This notebook presents some ways to train text classification models with deep learning architectures. The notebook is organised as follows:
- Installing libraries
- Data formatting
- Setting up evaluation metrics
- Text classification
- Visualisation of results

In [2]:
from platform import python_version

#check python version
python_version()

'3.8.16'

In [6]:
# only for google colab
from google.colab import drive
drive.mount('/content/drive/')

Mounted at /content/drive/


## Installing libraries

We install and import the libraries for text classification with transformers.

In [None]:
!pip install transformers
!pip install torch
!pip install evaluate
!pip install seqeval
!pip install transformers[tf-cpu]
!pip install transformers[torch]
!pip install transformers[flax]

In [None]:
!pip install tensorflow

## Data formatting

First, we read the data set and take a look at some samples.

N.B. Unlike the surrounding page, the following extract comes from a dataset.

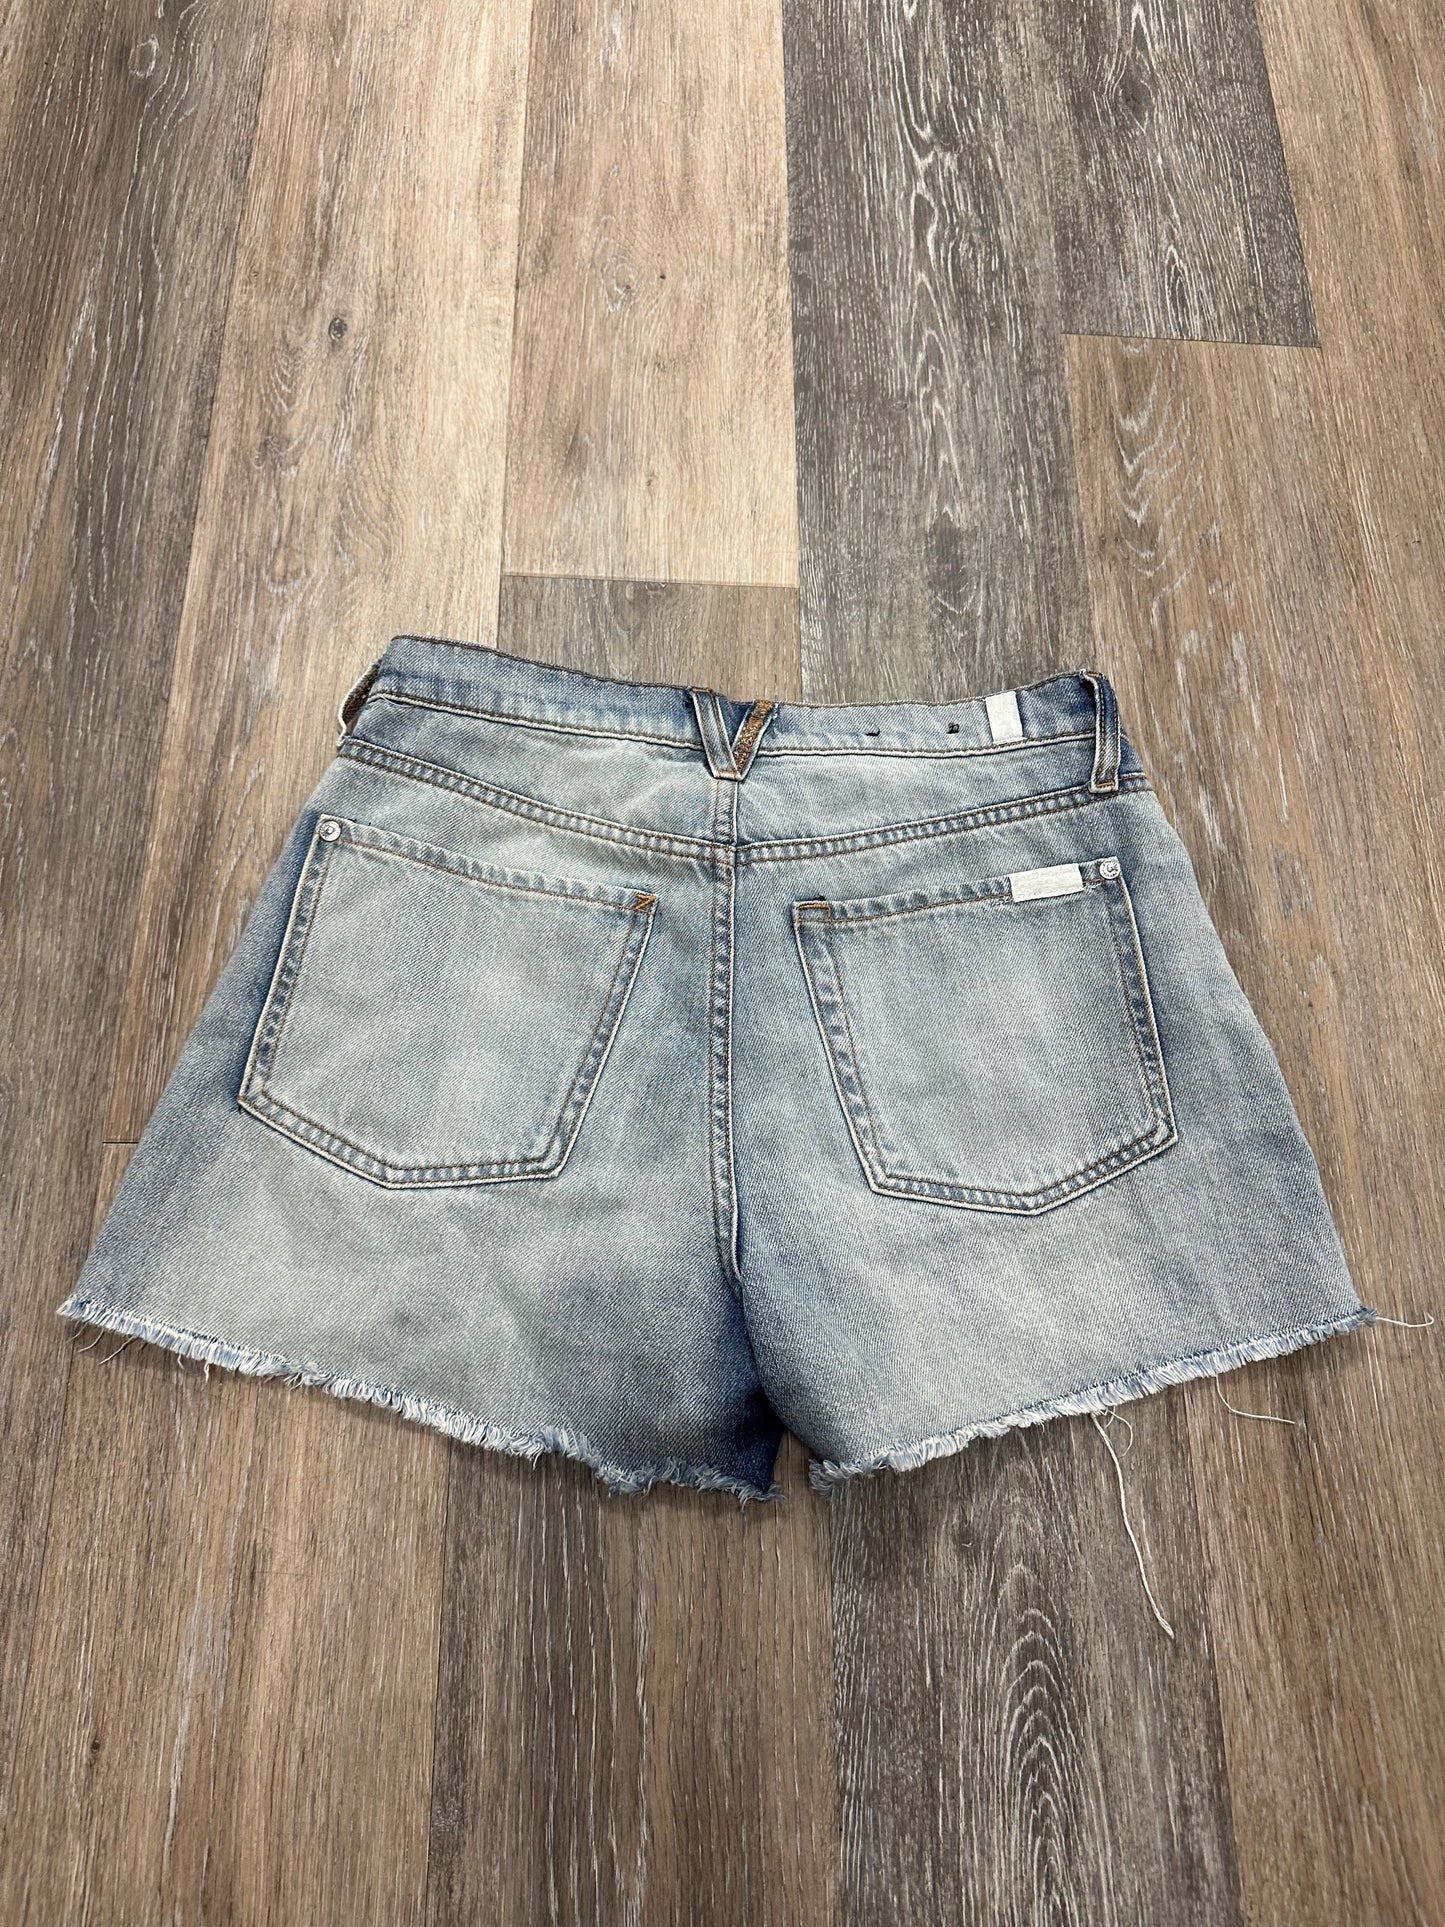 Shorts Designer By Seven For All Mankind  Size: 2/26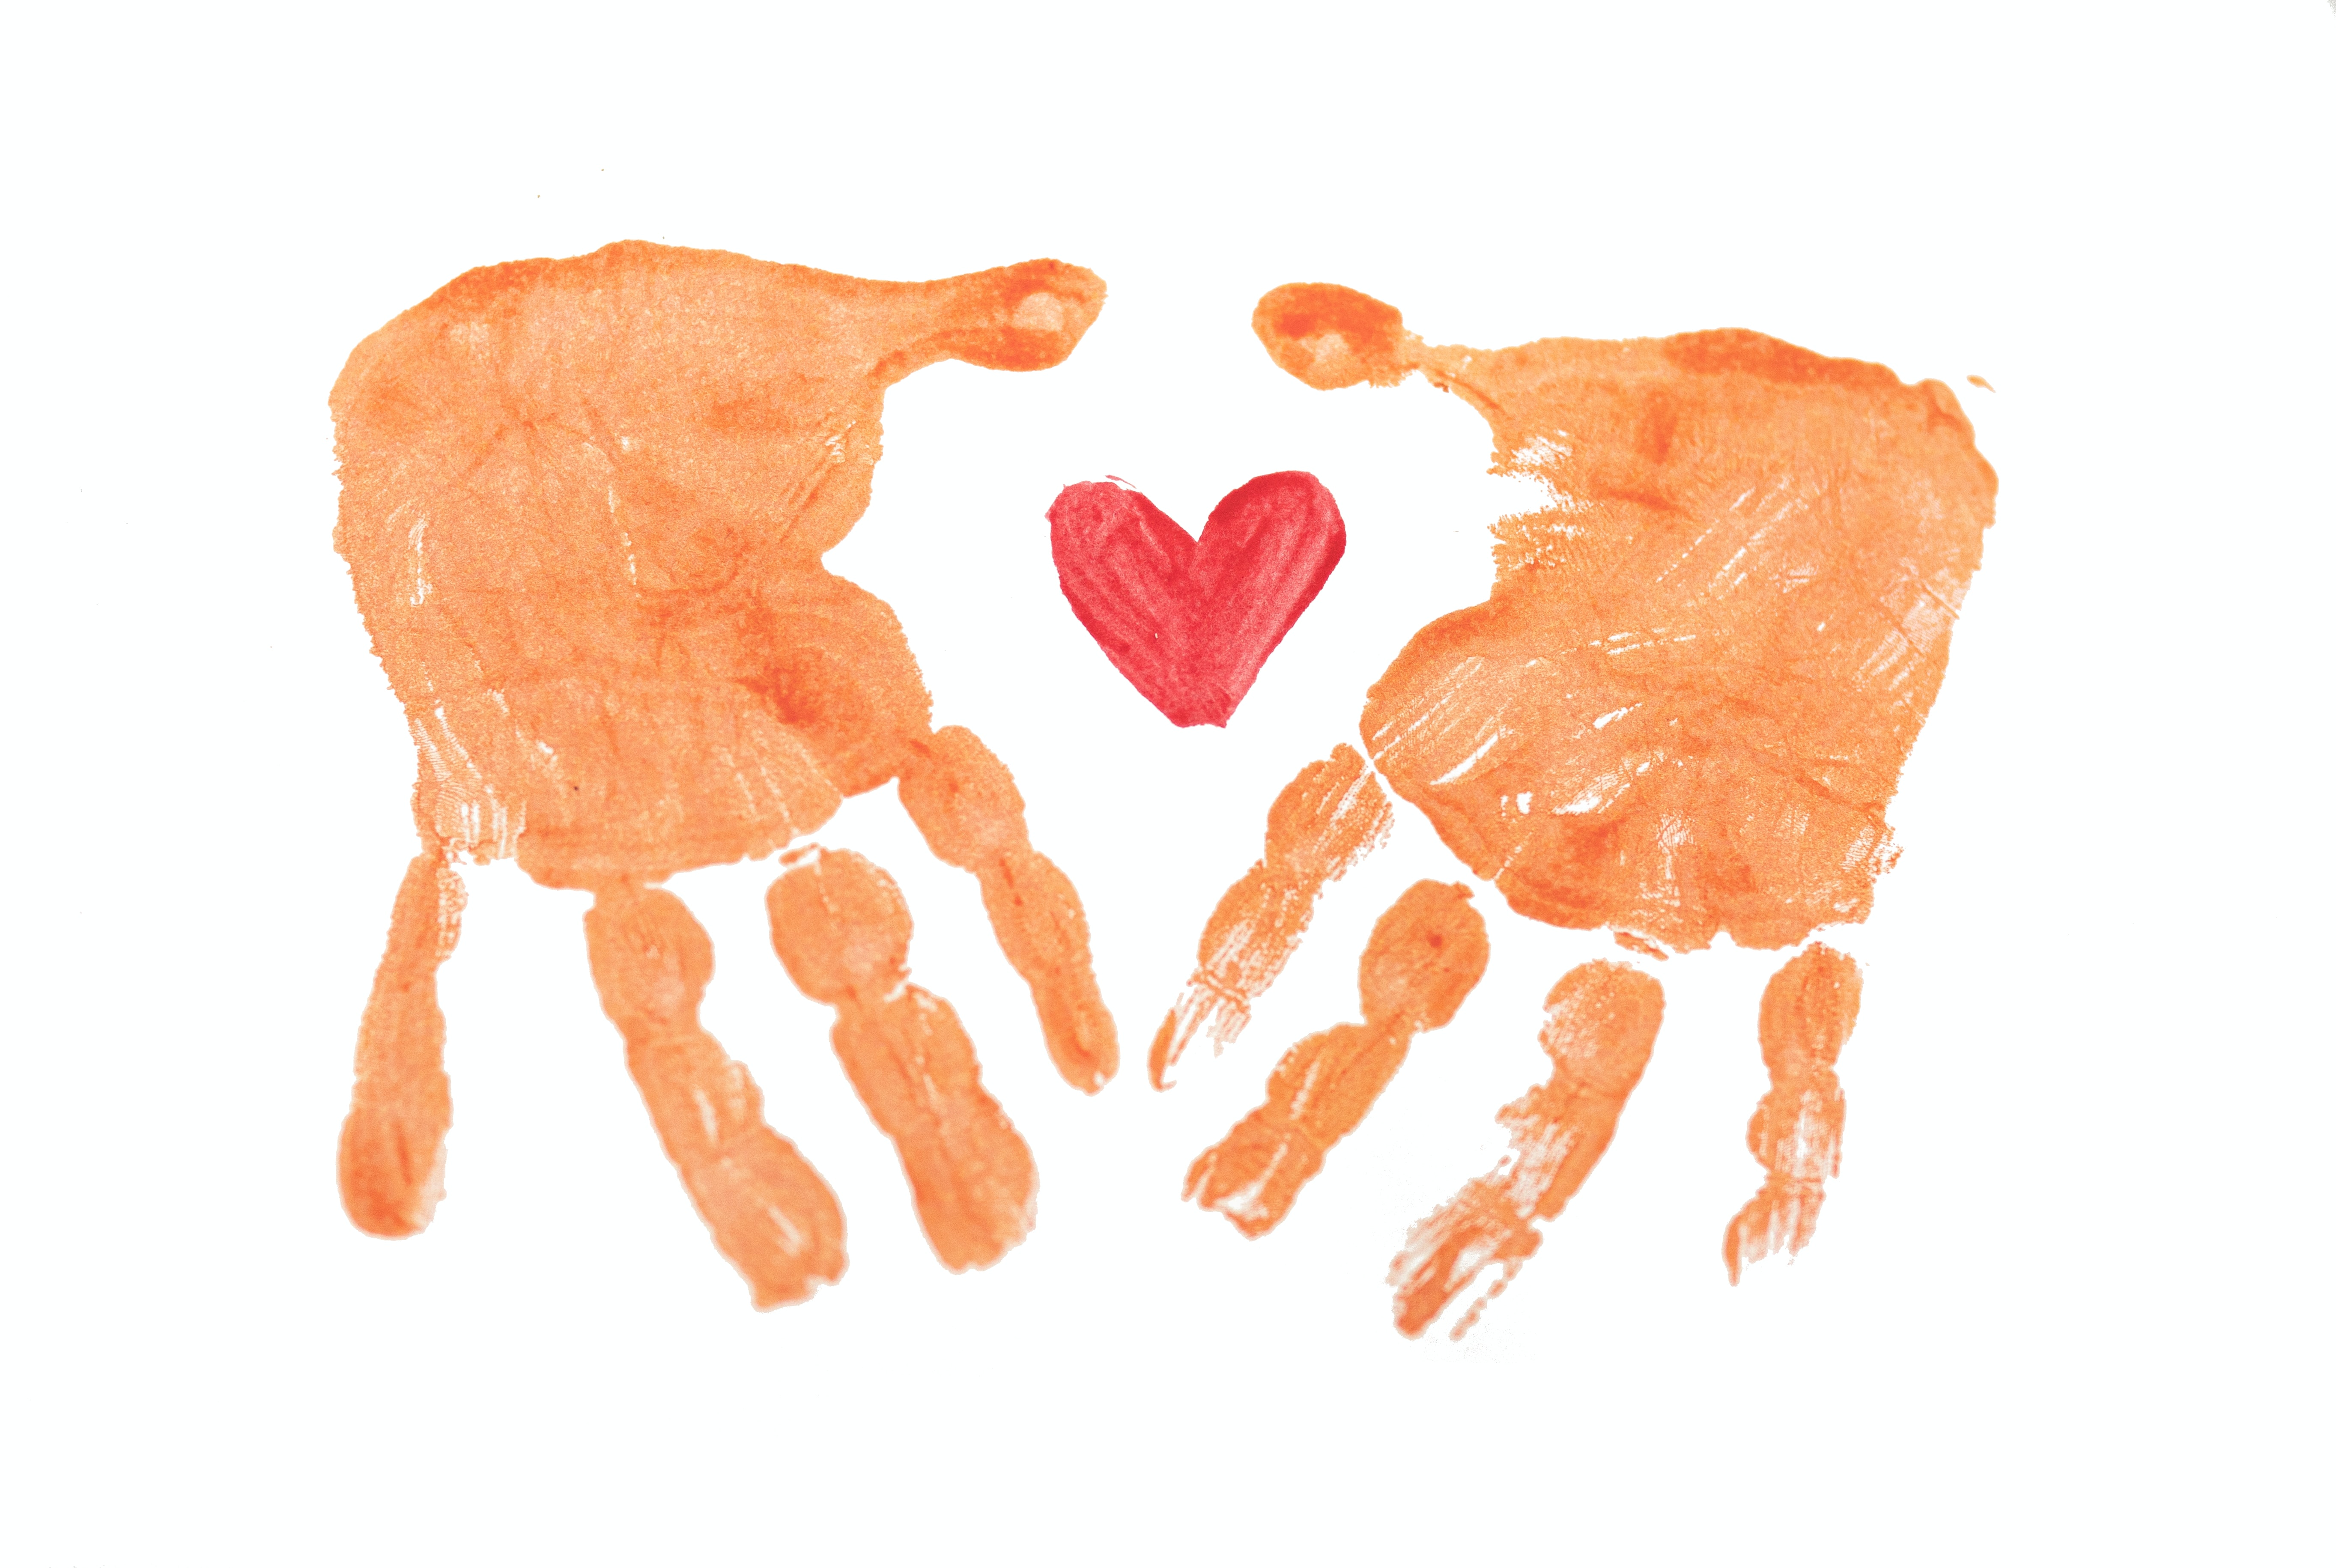 Two orange handprints with a red heart inside

Since we will be using transformers, extensive preprocessing of the texts is not necessary. If we used more traditional machine learning approaches, such as Naive Bayes or Random Forest, we would want to convert the texts into lowercase, remove punctuation, remove stop words and, possibly, lemmatise the tokens in order to perform featuring engineering.

In [11]:
import json

#open file
f = open('/content/drive/My Drive/tc-dataset.json')
data = json.load(f)

In [12]:
# check sample of data set
data["data"][0]

{'text': 'Standort Trovarit AG München, Deutschland', 'label': 'none'}

In [13]:
from collections import Counter

# check number of samples in each class
c = Counter(dictionary['label'] for dictionary in data["data"])
print(c)

Counter({'none': 4325, 'soft': 3635, 'tech': 2289})


We create a dataframe for easier processing.

In [15]:
texts = []
labels = []

#extract texts and preprocess them
for dictionary in data["data"]:
    sentence = dictionary['text']
    texts.append(sentence)

# extract labels
# we need numeric labels for transformers
# 0 = none, 1 = tech, 2 = soft
for dictionary in data["data"]:
    label = dictionary['label']
    if label == "none":
        label = 0
        labels.append(label)
    elif label == "tech":
        label = 1
        labels.append(label)
    elif label == "soft":
        label = 2
        labels.append(label)

# check information for first element
print(texts[0])
print(labels[0])

Standort Trovarit AG München, Deutschland
0


In [16]:
import pandas as pd

# create dataframe from two lists: labels and texts
df2 = pd.DataFrame(labels, columns=['labels'])
df3 = pd.DataFrame(texts, columns=['texts'])
final_df = df2.join(df3)

display(final_df)

Unnamed: 0,labels,texts
0,0,"Standort Trovarit AG München, Deutschland"
1,0,Wir freuen uns auf Ihre Bewerbung unter Angabe...
2,1,Qualifikation zur Heimleitung gemäß Heimperson...
3,2,Gute organisatorische und konzeptionelle Fähig...
4,2,"Teamfähigkeit, hohe Flexibilität und Einsatzbe..."
...,...,...
10244,0,Zu unserer Unternehmensgruppe gehören u. a. To...
10245,0,Zum Aufbau unserer Abteilung Entwicklung Posit...
10246,0,Zur vereinfachten Lesbarkeit verwenden wir im ...
10247,0,Zur Verstärkung der Marketing Abteilung WPR su...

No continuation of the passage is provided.